I Bisnis.co, JAKARTA – Central Statistical Institute (BPS), in line with the increase in import movements, announced the trade balance deficit of Indonesia as US $ 1.82 billion in October 2018.
The deficit was due to the export balance position, which was lower than the import balance value of USD 15,80 billion or USD 17,63 billion.
President of Central Statistical Institute of Keçük (BPS) Suhariyanto said that this deficit came from oil and natural gas deficit with a deficit of US $ 10.7 billion between January and October.
"So our big assignment is how to reduce this gap," Kecuk said on Thursday, 11/15. Said.
He hopes there will be a new policy in the future that touches on the service balance sheet.
Between January and October 2018, the trade balance gave a deficit of US dollar 5.5 billion, according to the calendar year. In this open position, the oil and gas balance deficit was US $ 10.7 billion and the oil deficit reached US $ 13.21 billion.
On the other hand, export value increased by 5.87% from September to October, supporting oil and natural gas and non-oil exports and reached USD 15,80 billion.
Oil and natural gas exports increased by 15.38% to US $ 1.48 billion.
Meanwhile, oil and natural gas exports increased by 4.99 percent to $ 14.32 billion, supported by the role of jewelry and jewelry, footwear and mineral fuel exports.
According to the sector, in October, agricultural exports decreased by 0.92% to US $ 320 million due to falling cocoa, pearl and vegetable exports.
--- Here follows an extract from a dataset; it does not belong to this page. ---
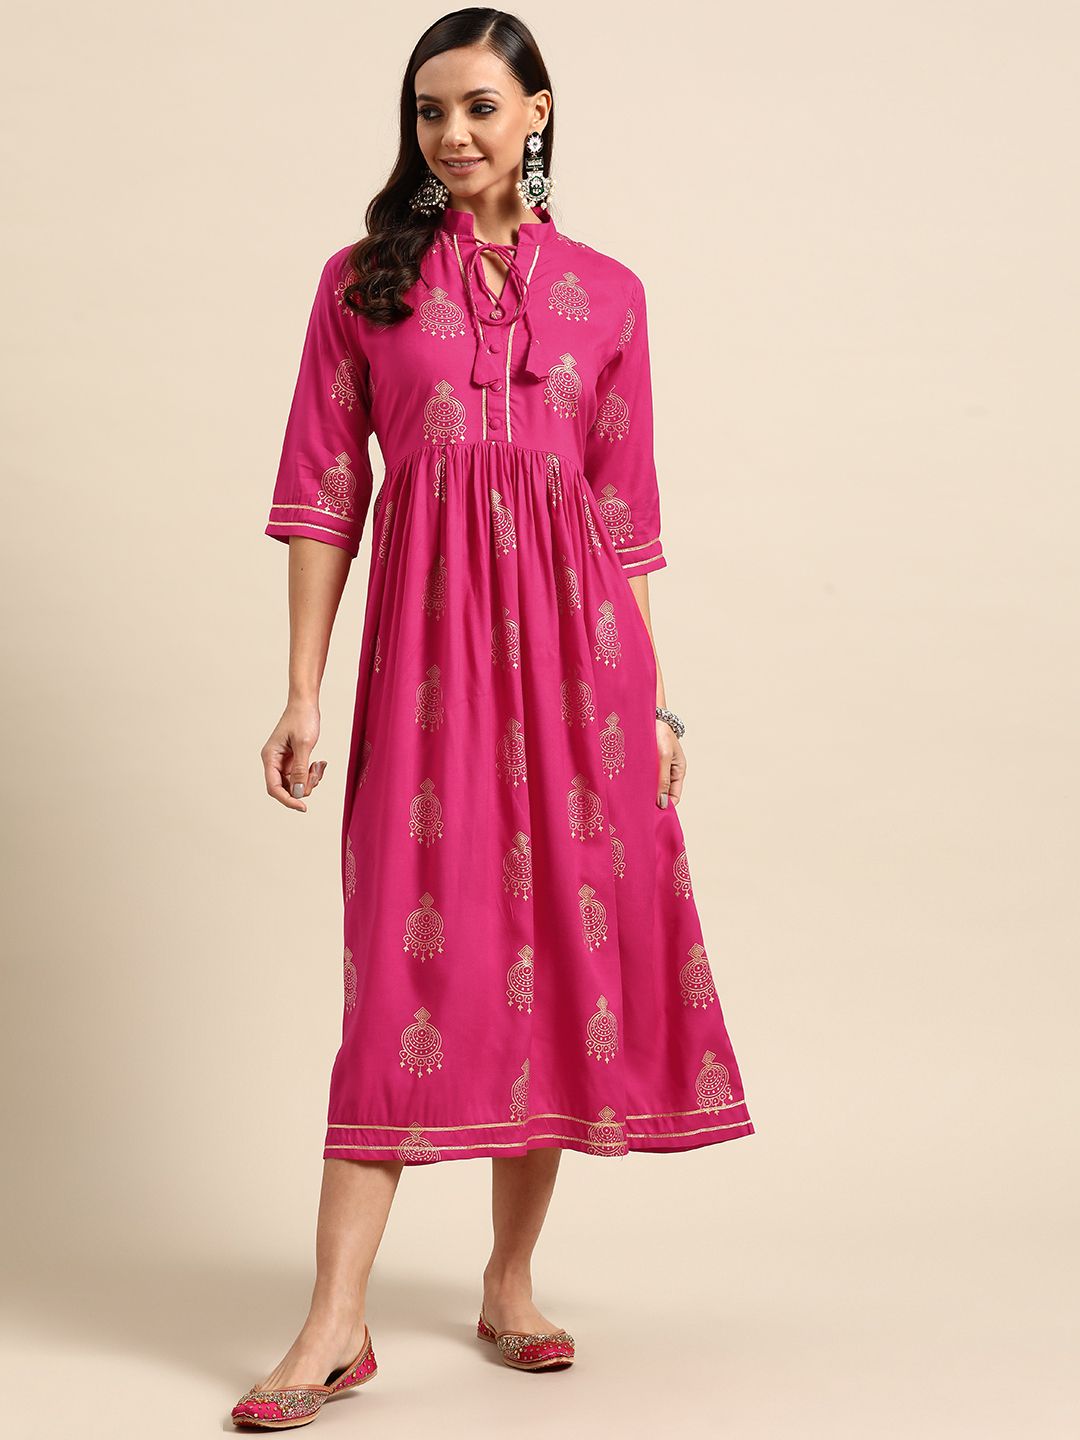 GERUA Pink & Gold-Toned Ethnic Motifs Ethnic Midi Dress Price in India

On an annual basis, agricultural exports decreased by 9.52% with the decline in exports of coffee, cocoa and pearls.
Exports increased by 6.40% to US $ 11.59 billion with the contribution of exports of exports, jewelry, sports shoes, vehicles and accessories.
On an annual basis, the export sector increased by 5.71%. Mining exports decreased by 0.58% in October compared to the same period of the previous year to USD 2.41 billion and fell 1.58% year-on-year.
Despite the fall, Keçük said the mining sector and other contributions were quite high, increasing by US $ 24.70 billion in January-October, up 27.46 percent to $ 19.38 billion in the same period last year.
The import balance increased by USD 17.63 billion, or 20.6% in October 2018. This increase increased 26.97% in petroleum and natural gas imports and reached US dollar 2.91 billion.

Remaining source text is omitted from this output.